Open BilalS10 opened 3 years ago

BilalS10 commented 3 years ago

I have the latest tsdb (2.1) and pgsql (13.2) running on debian 10 with 16 vcpus and 64 gb ram and 1tb ssd on a gcp VM. I have 1 main hyper table that stores the raw data and 2 CAGG views, 1st to store hourly aggregated data and 2nd to store daily aggregated data. I have also configured refresh policies for both that have the following config : start data : null, end date : 1day (for daily) and 1 hour (for hourly) duration: every minute ( for hourly) and every 2 mins (for daily)..

I am facing the issue when I am deleting specific data ranging from 2 years back till today.. after running the delete query, I observe the refresh jobs (SELECT * FROM timescaledb_information.job_stats) and the jobs keeps running forever for both the views.. Screenshot from 2021-03-22 20-39-08 Screenshot from 2021-03-22 20-38-56

After around half an hour, the job for daily view, successfully finished but I could still see the agg data in the daily view. The hourly job didnt finish only and after more than 2 hours I killed the job as it seemed stuck. Next I ran a manual refresh for hourly view but even that query got stuck and I had to kill that process as well after an hour.. This happened with me twice.
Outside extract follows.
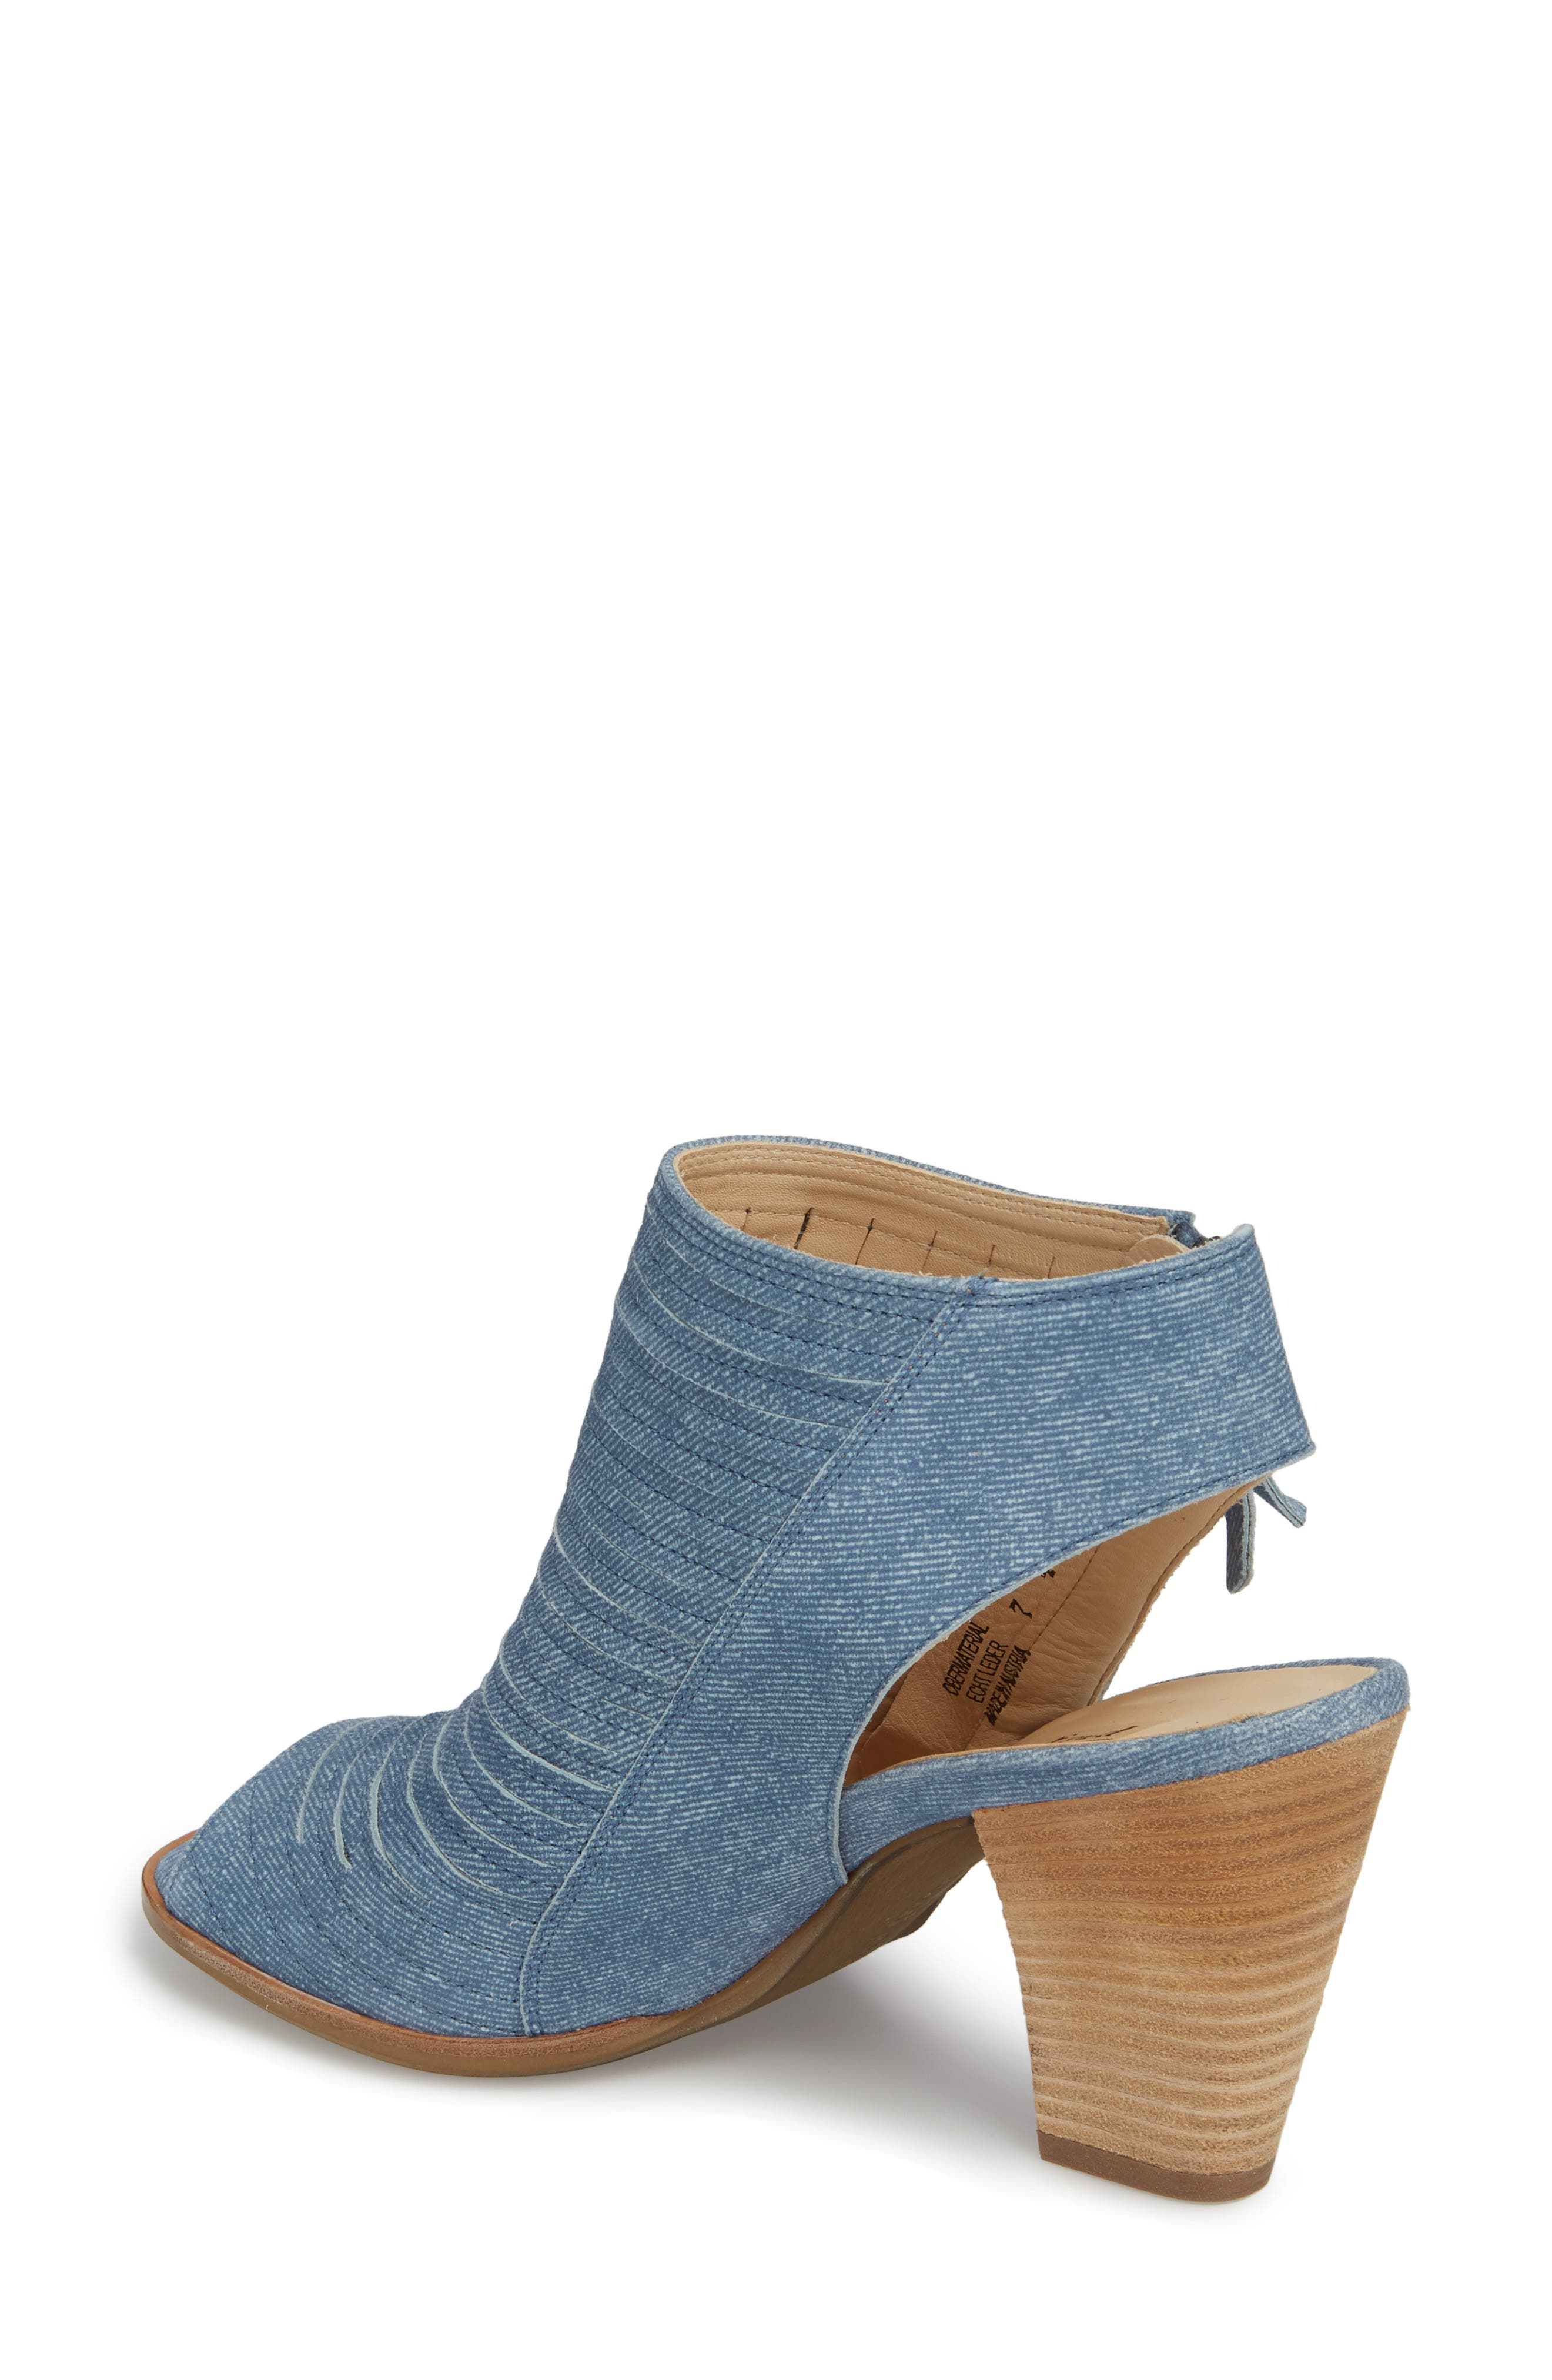 'Cayanne' Leather Peep Toe Sandal,                             Alternate thumbnail 11, color,

Kindly help me out with this.

I am attaching the screenshot of the job stats query and the invalidation logs table herewith for reference..

Thank you.

erimatnor commented 3 years ago

@BilalS10 thanks for reporting this issue. One thing to note is that it looks like your continuous aggregate policies are configured to refresh more-or-less everything in the continuous aggregate. This can be quite expensive in case you do large changes to the underlying data, like deleting lots of data.

It would be useful to know how you deleted the data in the hypertable. Was it, e.g., via DELETE or drop_chunks? Can you also provide some information on how much data was dropped in terms of storage size?

BilalS10 commented 3 years ago

Hi @erimatnor ,

yeah..we have a requirement where historical data can be added as well as deleted. hence the start offset has been kept as null. Though, I do understand, that we can consider manual refresh for data that is affecting such a huge range but before considering that, we wanted to see how is the performance of tsdb refresh policy for such a range.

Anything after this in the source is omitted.